BEGIN RECORDED DATA
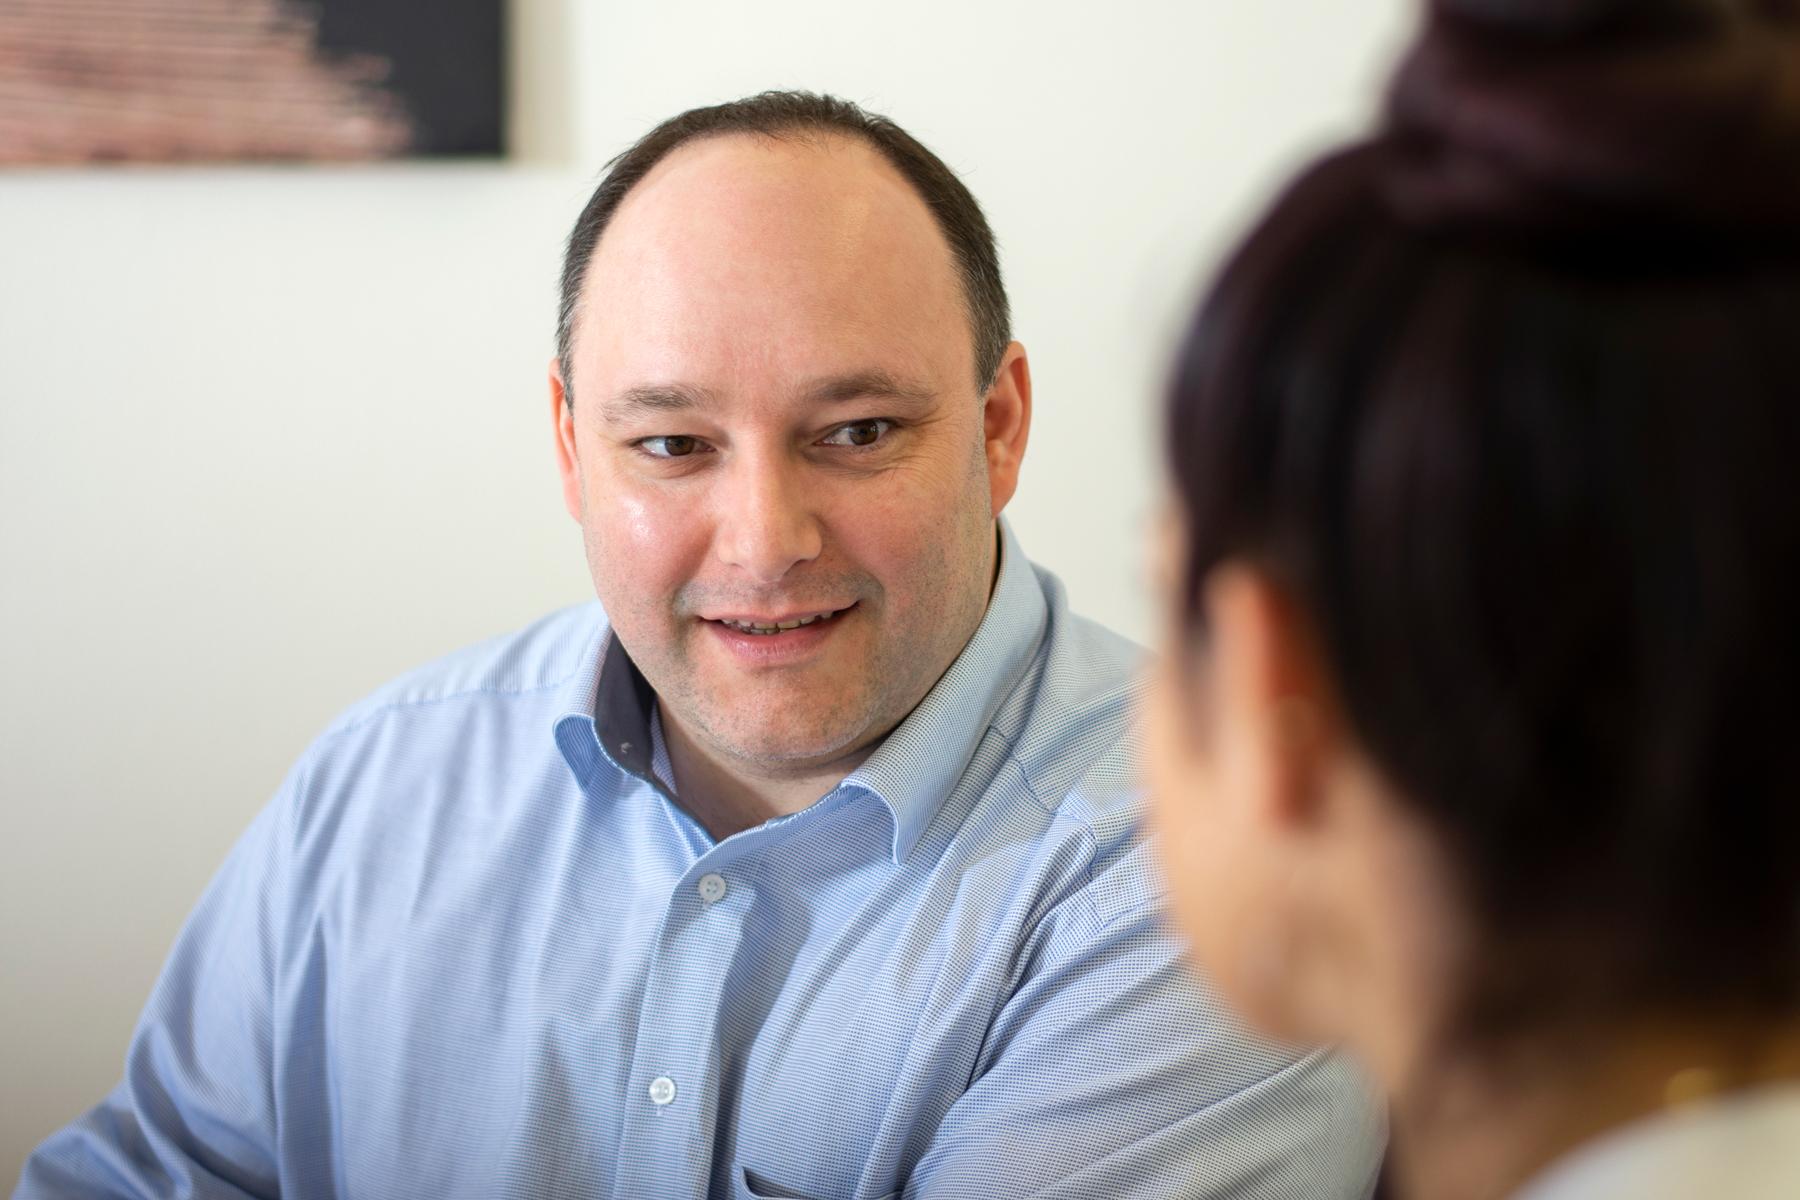 Markus Kugler ist seit seiner Ausbildung im Klinikum Ingolstadt beschäftigt.
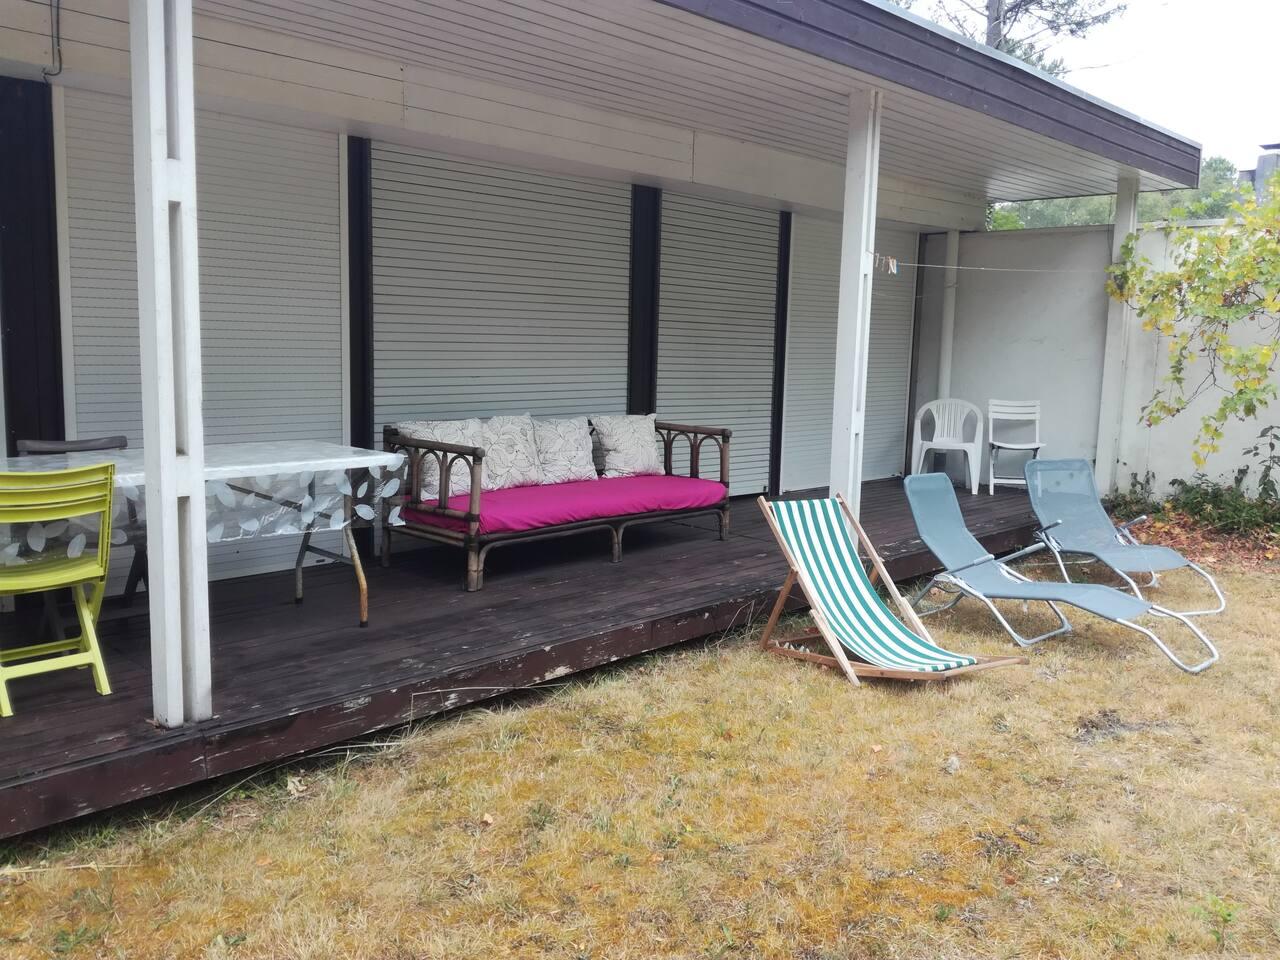 terrasse couverte pour les repas. Repos au jardin.
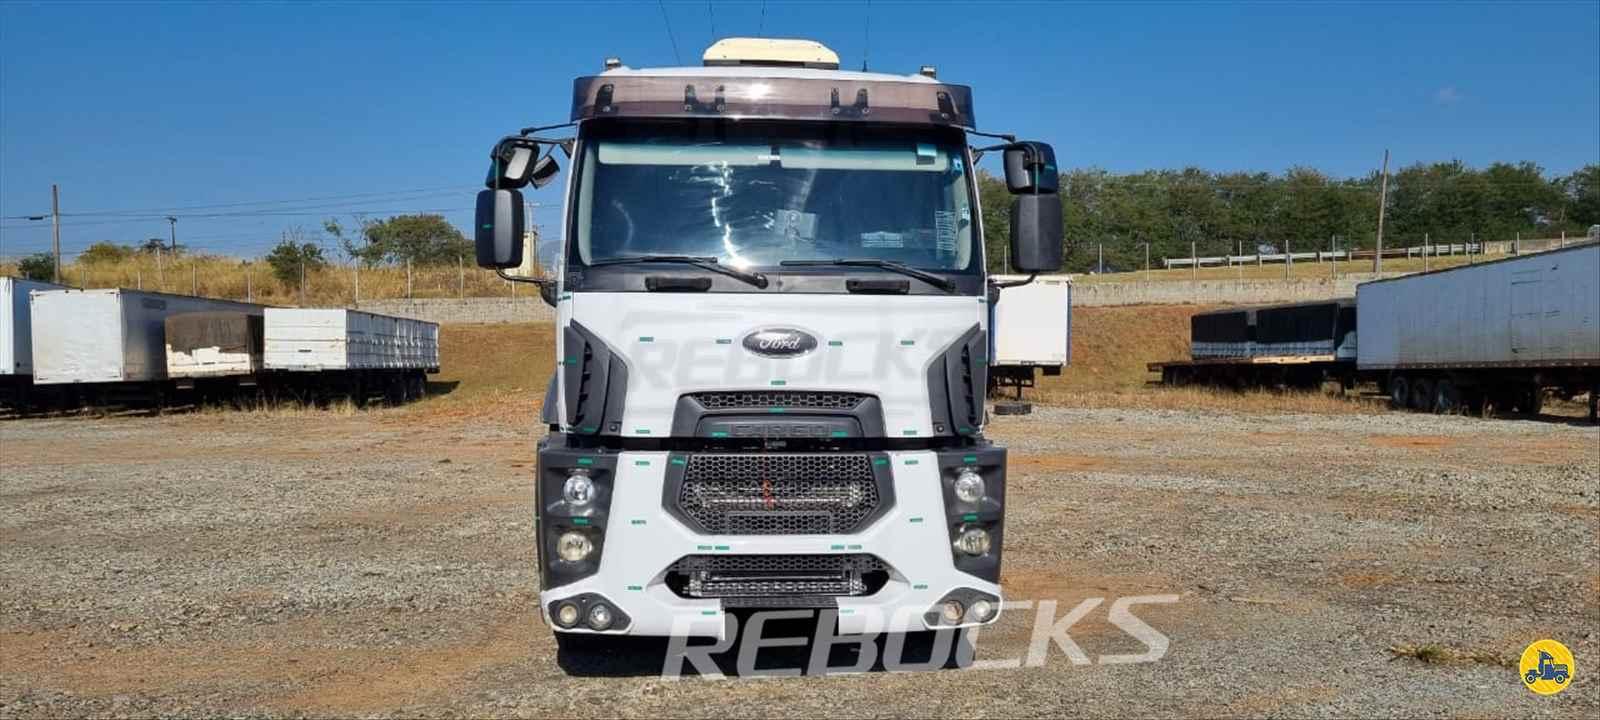 CAMINHAO FORD CARGO 2842 Cavalo Mecânico Truck 6x2 Rebocks LIMEIRA SÃO PAULO SP
END RECORDED DATA
◆ **TASK STATEMENT**:
Your answer should consist solely of the lines from the line with "terrasse couverte pour" to the final line of the listing, set down word for word, pictures omitted.

◆ **RESPONSE BELOW**:
 terrasse couverte pour les repas. Repos au jardin.
 CAMINHAO FORD CARGO 2842 Cavalo Mecânico Truck 6x2 Rebocks LIMEIRA SÃO PAULO SP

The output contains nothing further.